The jury awarded $3.3 million.
Citation: Johnson v. C.R. Bard, Inc., No. 3:19-cv-00760-wmc (W.D. Wis. June 17, 2021).
Plaintiff counsel: AAJ member Joseph R. Johnson, West Palm Beach, Fla.; and AAJ member Ben C. Wright, AAJ member Thomas W. Arbon, and Jason Voelke, all of Dallas.
Comment: See also McMan v. C.R. Bard, Inc., 2021 WL 3079894 (E.D. Mich. July 21, 2021). There, in August 2010, Mary Lou McMan was treated with a C.R. Bard Eclipse IVC Filter before undergoing gastric bypass surgery. In October 2012, her primary care physician ordered a spinal X-ray, which showed that the filter had a missing leg that embolized on the left side of McMan’s pelvis. McMan was not informed of this, however.
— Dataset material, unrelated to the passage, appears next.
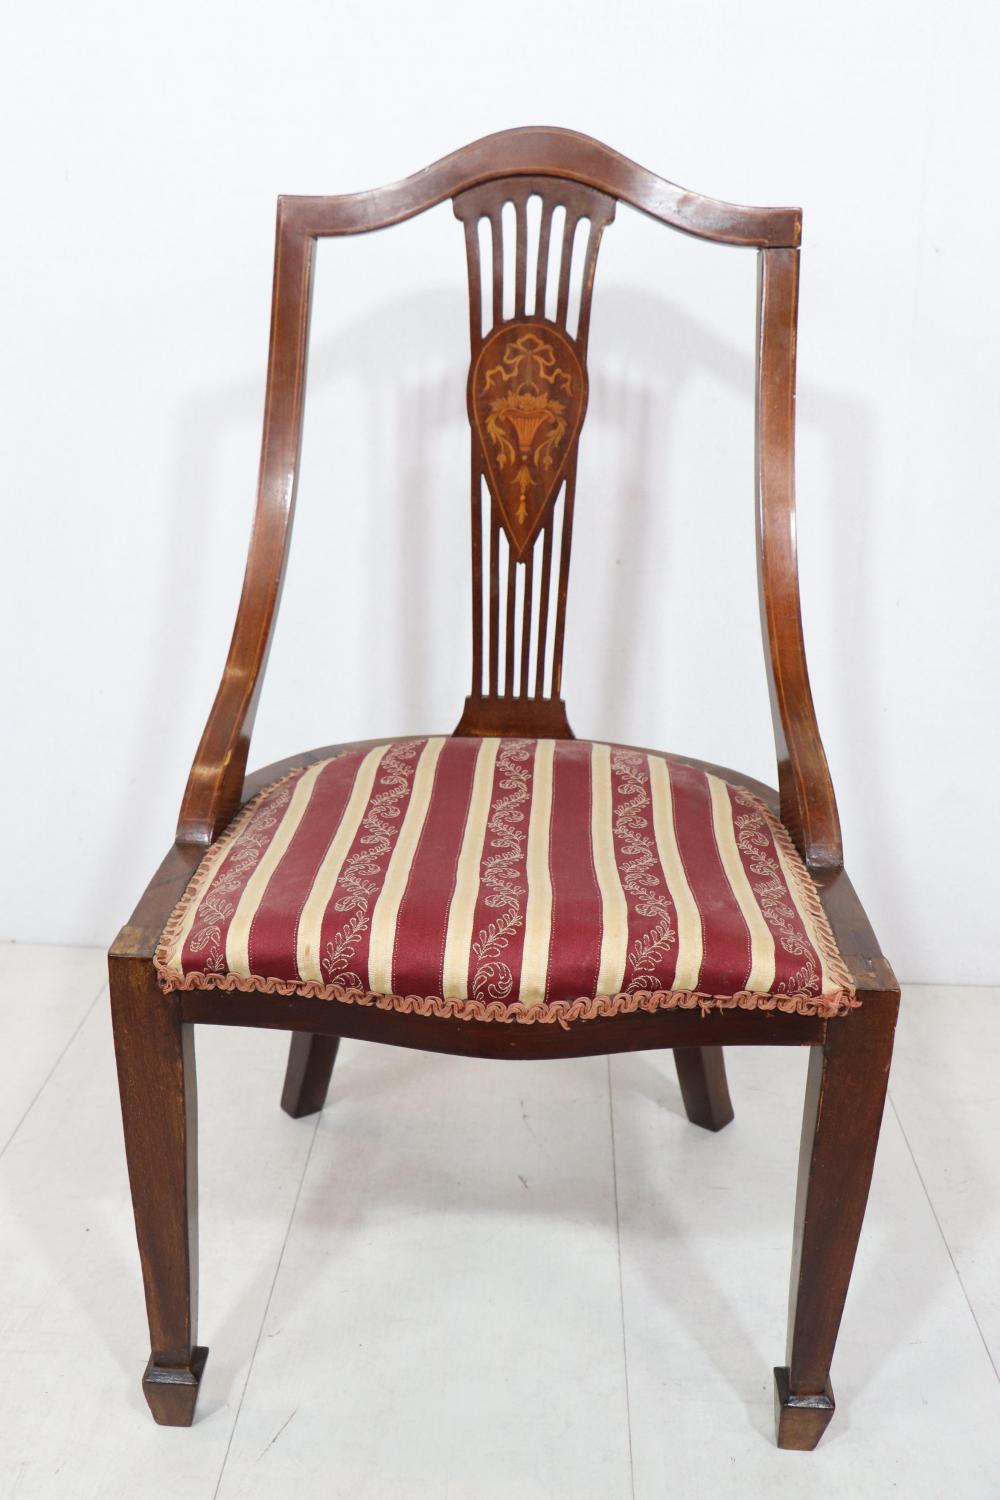 Englischer Single Chair in Mahagoni, mit feinen Intarsien
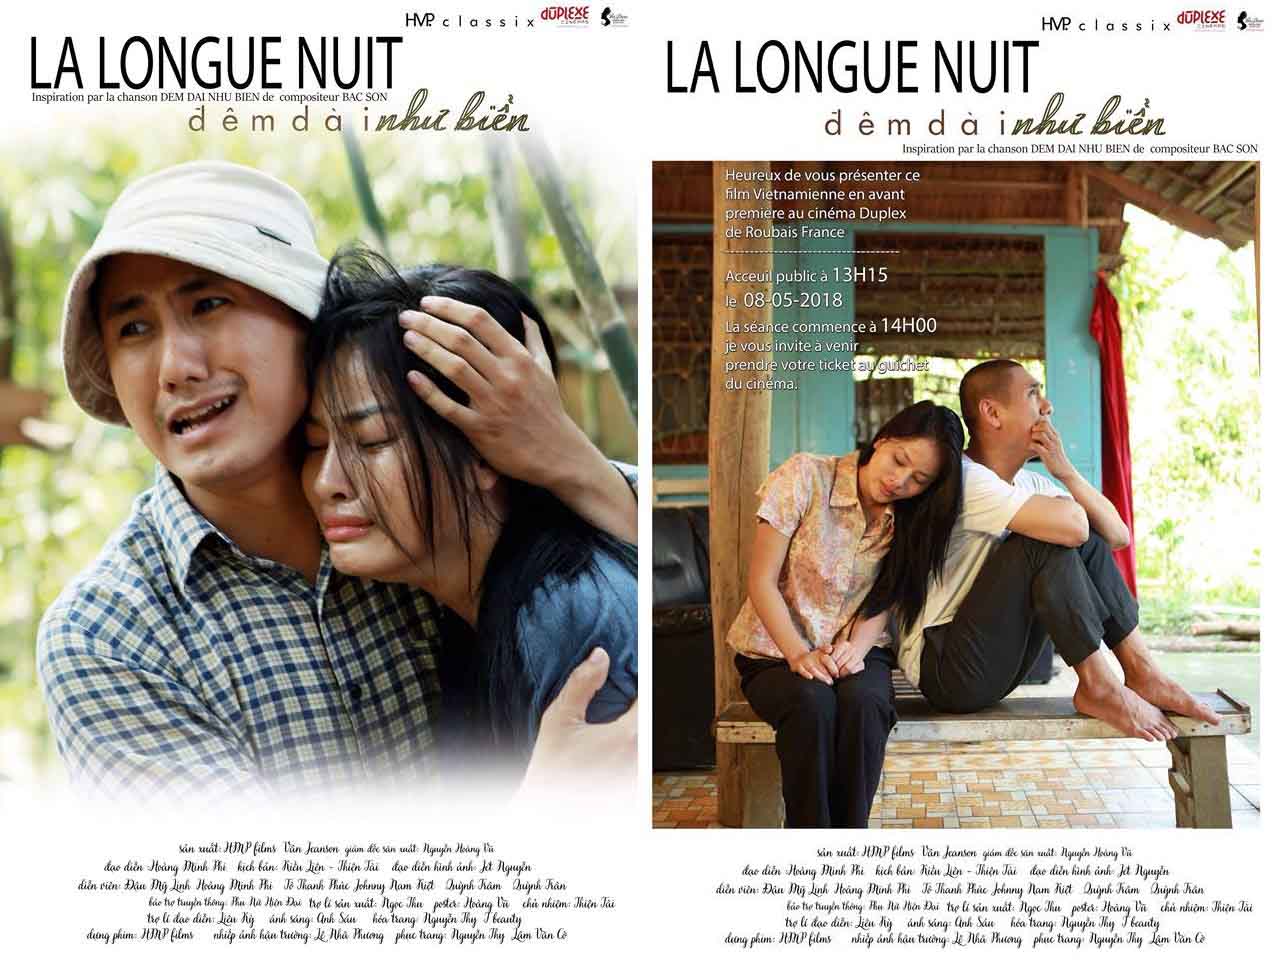 Phim Việt của Hoàng Minh Phi trình chiếu tại Pháp hôm nay

In December 2014, McMan was referred for another X-ray, which showed a foreign object in the soft tissue of her pelvis, a condition that was unchanged since the previous X-ray. In April 2015, a vascular surgeon observed metallic densities present for at least three years, and this was attributed to the IVC filter. McMan sued C.R. Bard and Bard Peripheral Vascular, Inc., in a multidistrict litigation proceeding in December 2016. The case was later transferred to federal district court in Michigan. The defense moved for summary judgment on limitations grounds. Granting the motion, the district court found that the three-year limitations period begins to run when a claim accrues. A claim accrues, the court added, when the wrong is committed, regardless of when damages result. Here, a strut on the Eclipse filter fractured sometime before October 2012. Thus, the court held that the three-year limitations period had expired in October 2015, more than a year before McMan filed her complaint.